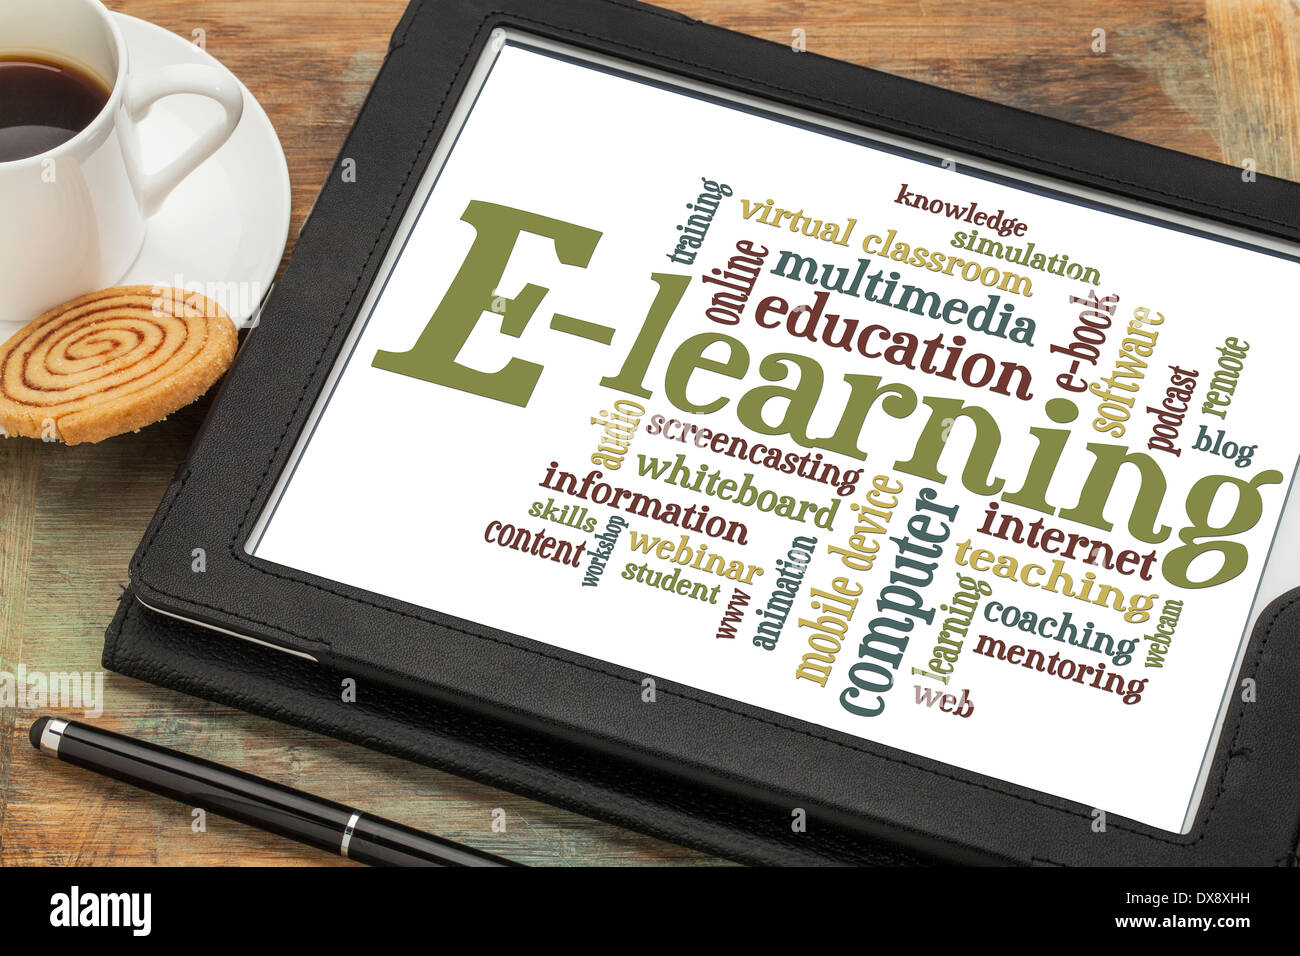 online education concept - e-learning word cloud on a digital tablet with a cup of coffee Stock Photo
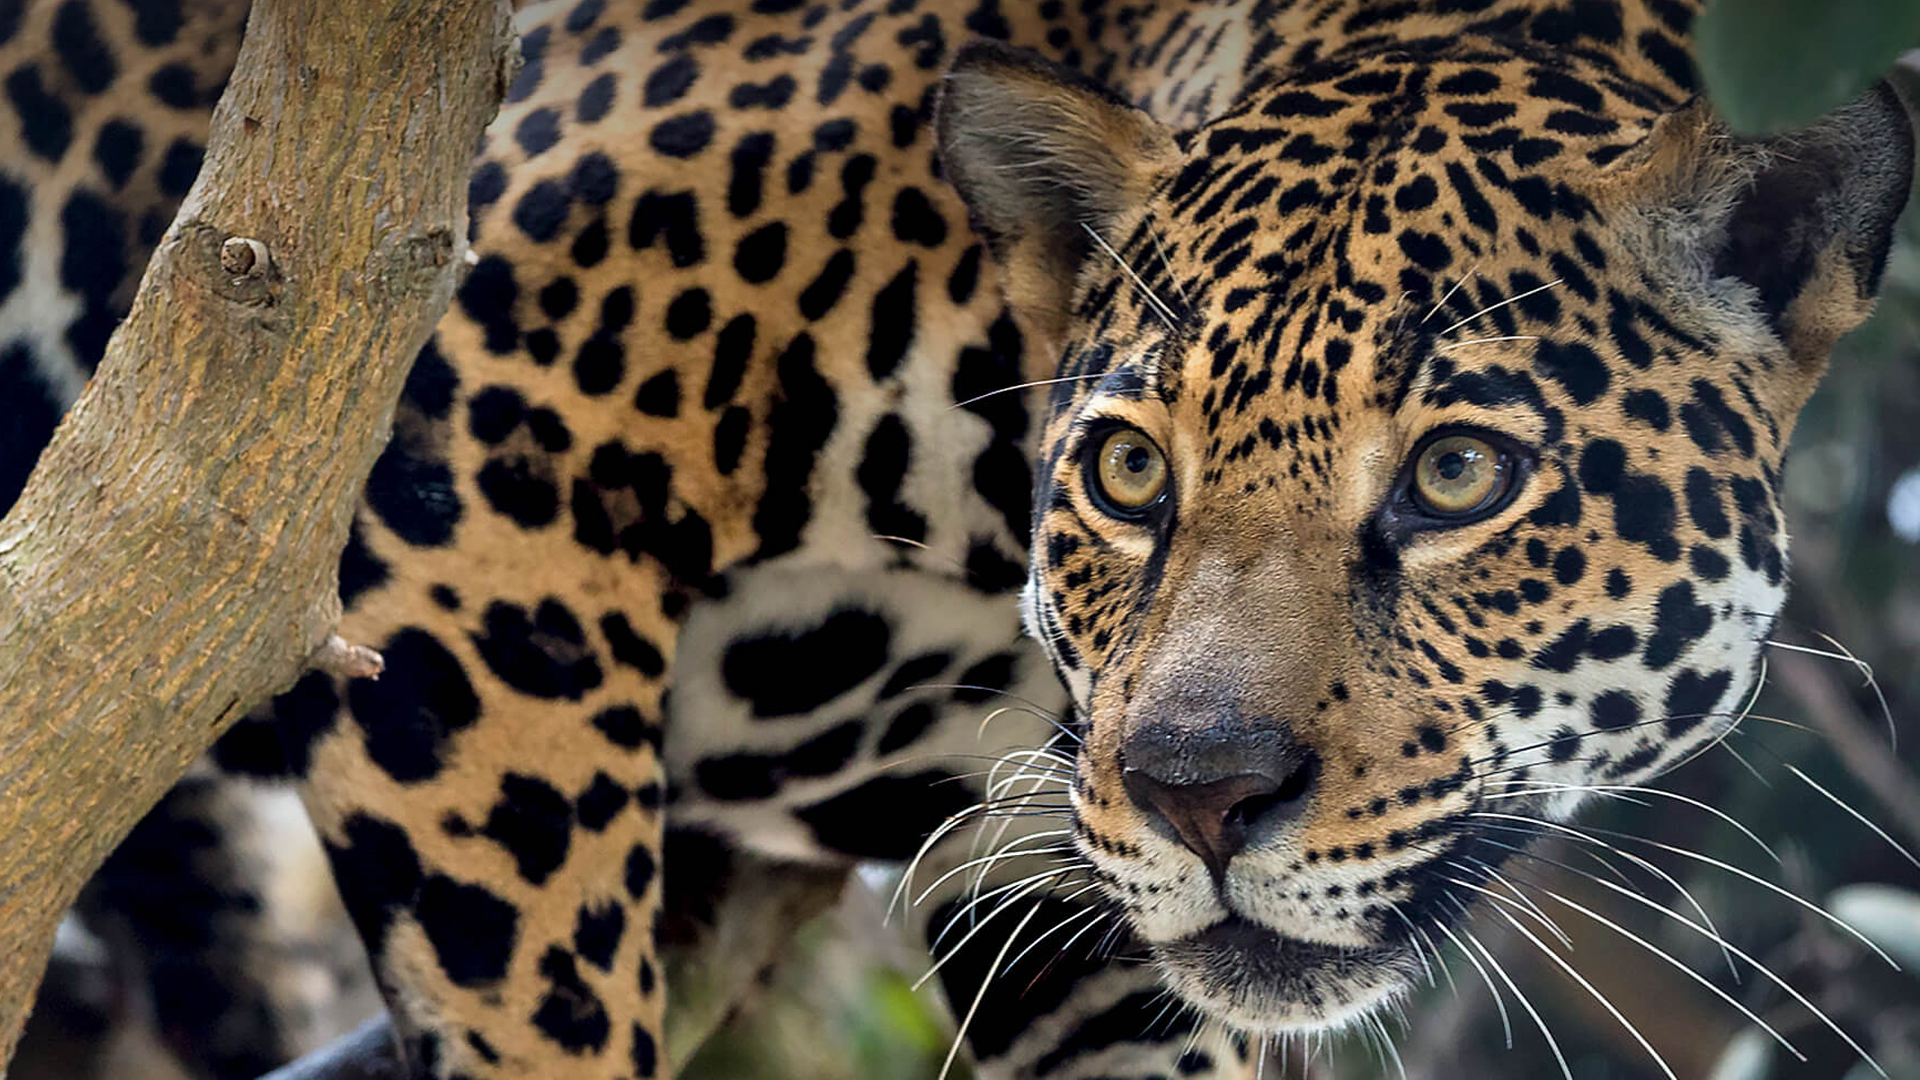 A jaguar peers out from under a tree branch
...
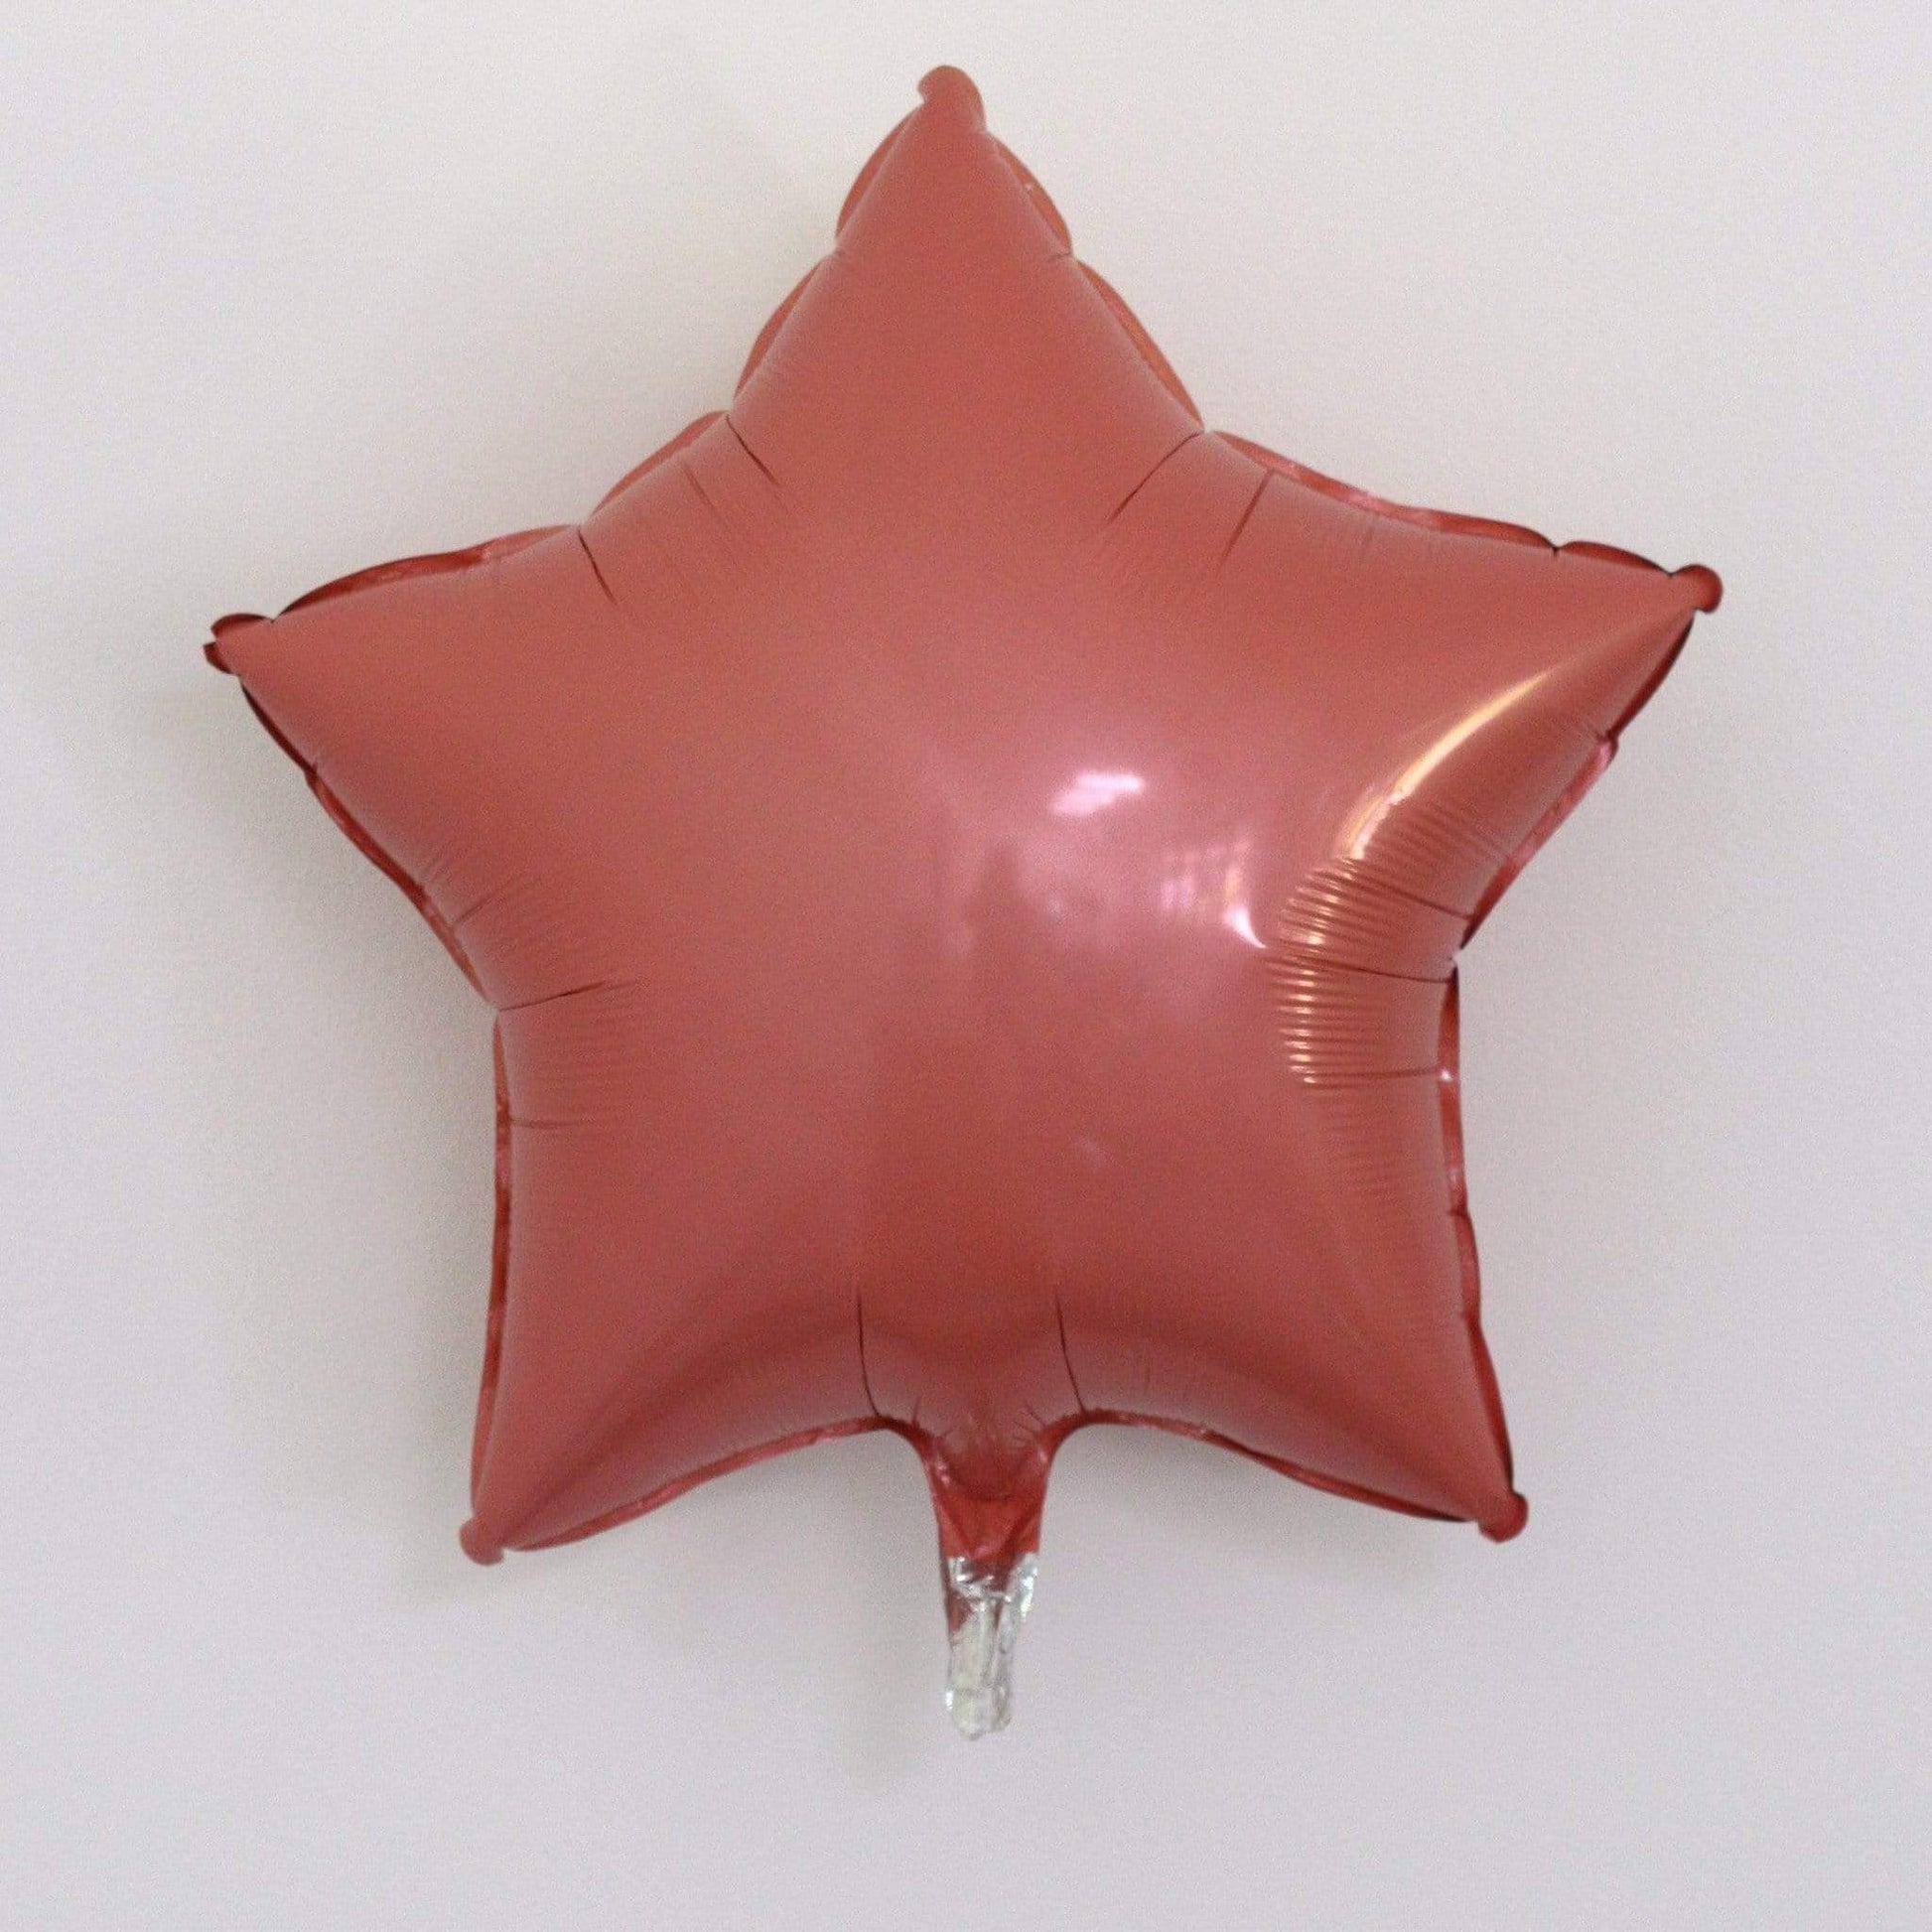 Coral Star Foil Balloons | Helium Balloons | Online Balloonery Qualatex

◆ **The task**
What are the lines in the records above, word for word, from the one containing "online education concept" through the one containing "A jaguar peers out from under a tree branch", both ends included and pictures left out?

◆ **Answer to the problem**
 online education concept - e-learning word cloud on a digital tablet with a cup of coffee Stock Photo
 A jaguar peers out from under a tree branch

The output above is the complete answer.